■ Assignment: In the records that follow, find the line containing "hills wallpapers grassy" and the line containing "Description Black Bugatti", then transcribe both and every line between them exactly, omitting pictures.

*** Given data Section Begins ***

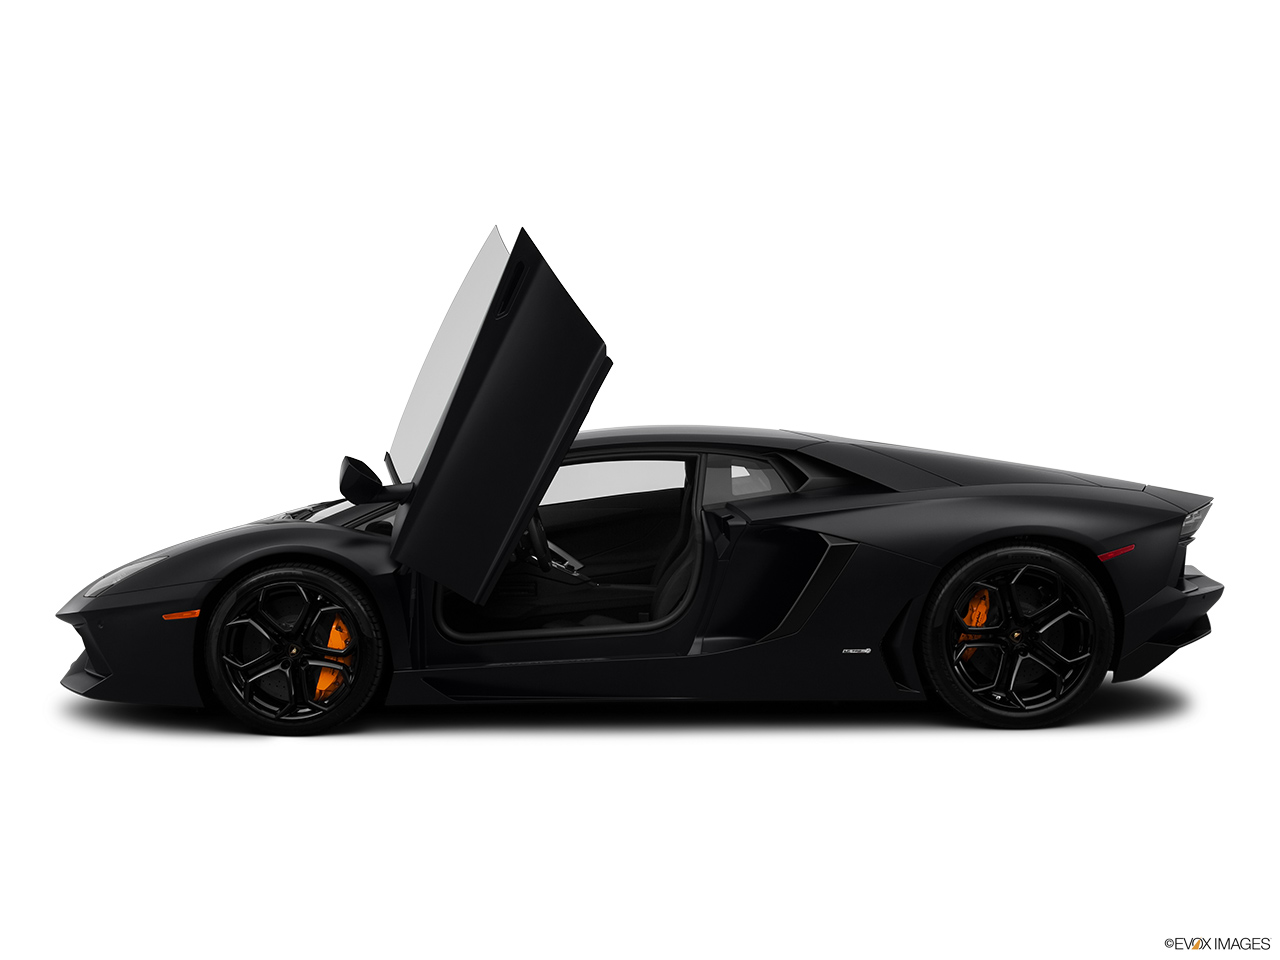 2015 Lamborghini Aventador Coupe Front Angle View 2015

*** Given data Section Ends ***
*** Given data Section Begins ***

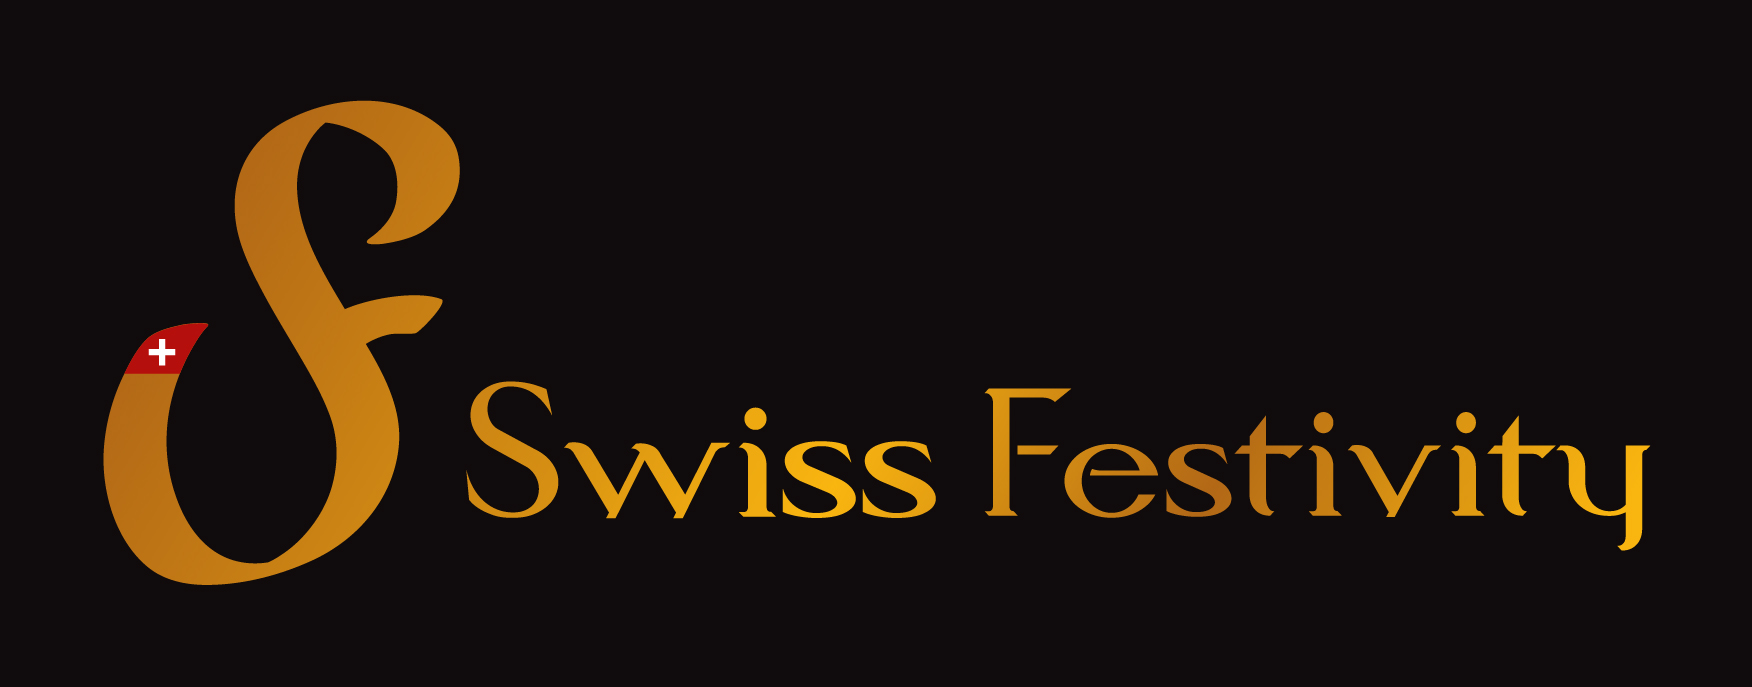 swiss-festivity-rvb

*** Given data Section Ends ***
*** Given data Section Begins ***

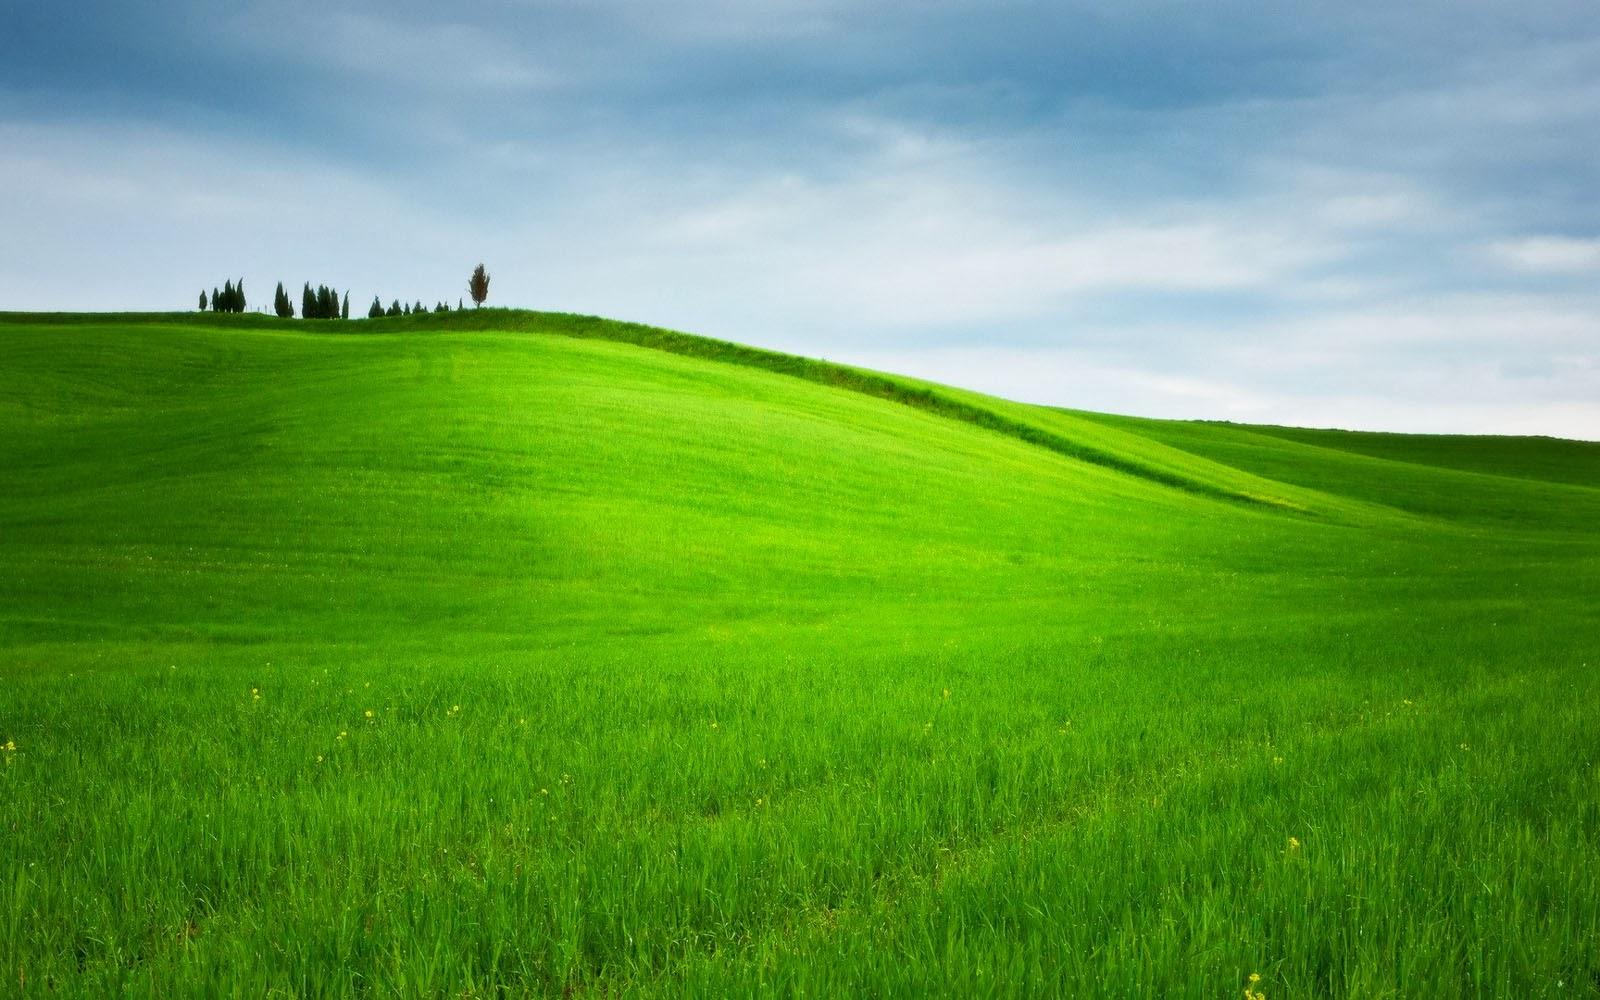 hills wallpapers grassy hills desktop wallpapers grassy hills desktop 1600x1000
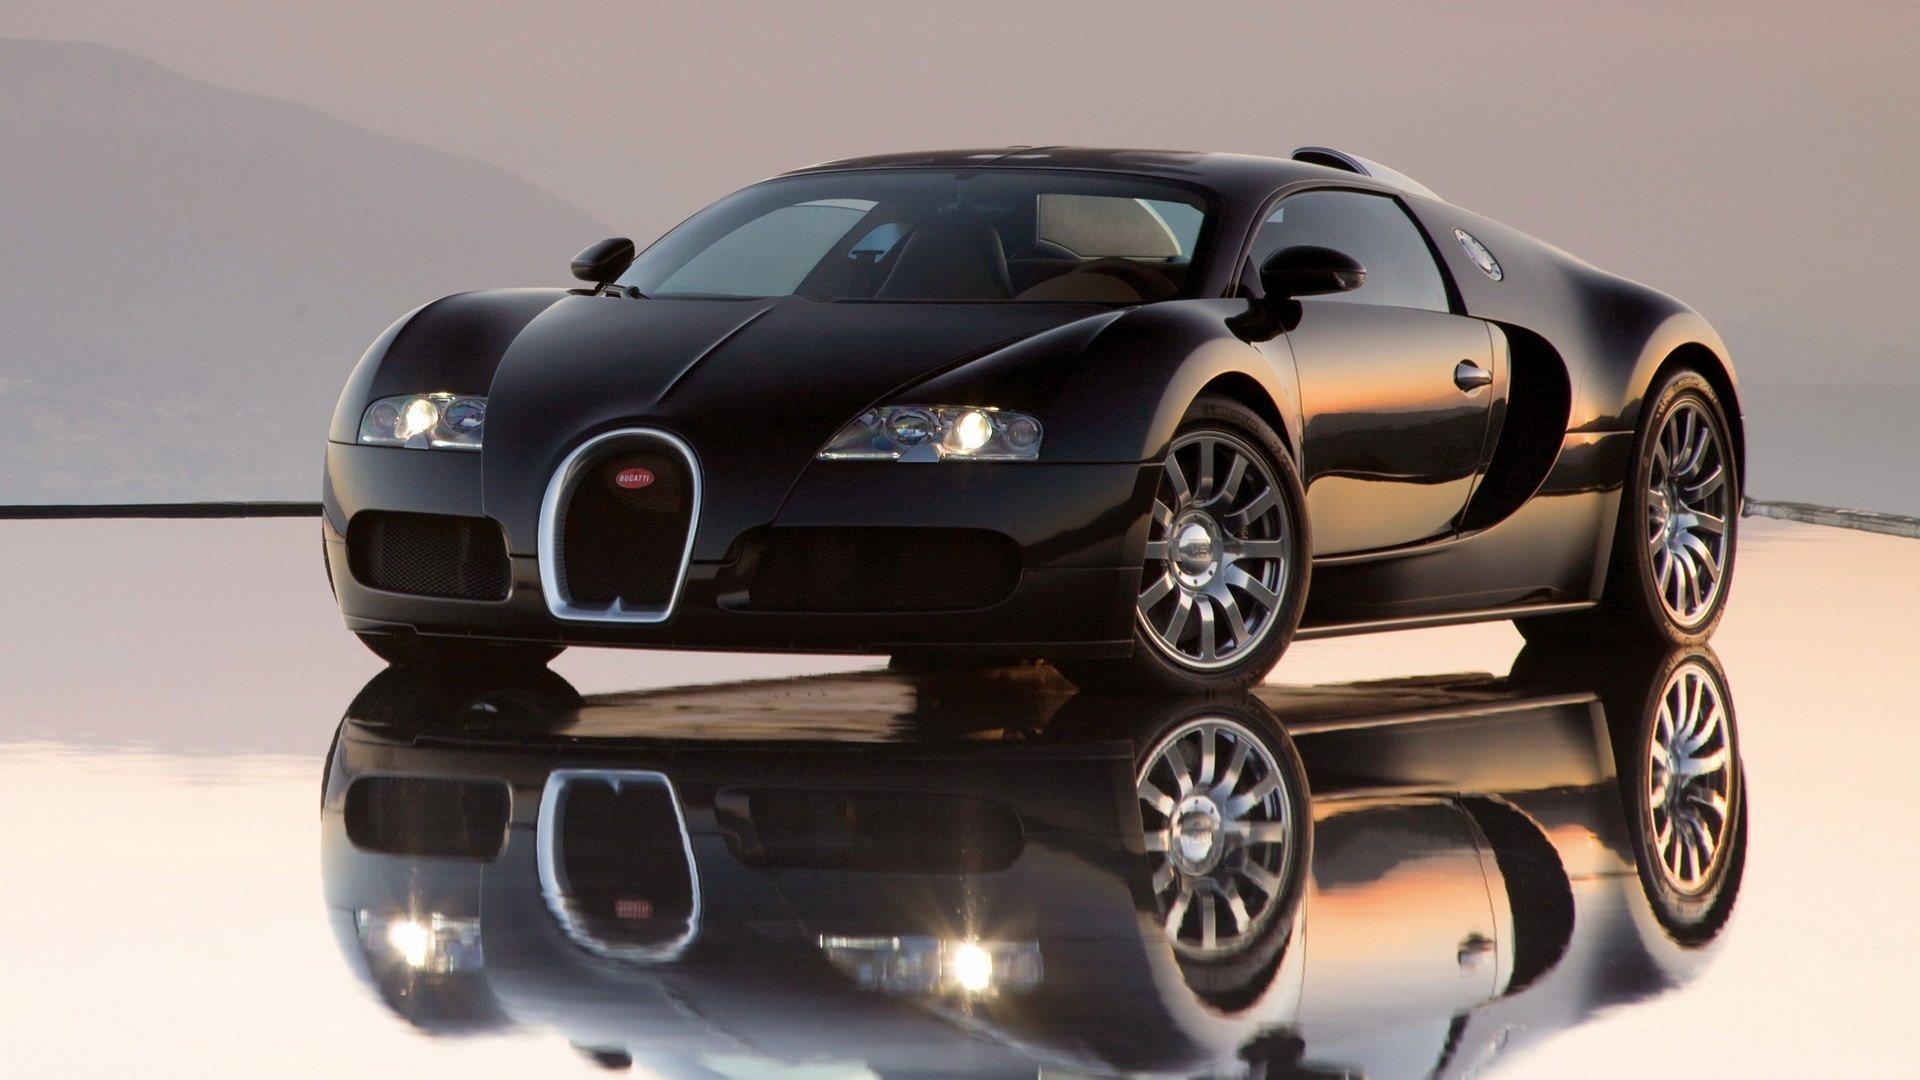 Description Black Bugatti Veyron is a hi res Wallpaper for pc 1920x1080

*** Given data Section Ends ***

■ Response to this task:
 hills wallpapers grassy hills desktop wallpapers grassy hills desktop 1600x1000
 Description Black Bugatti Veyron is a hi res Wallpaper for pc 1920x1080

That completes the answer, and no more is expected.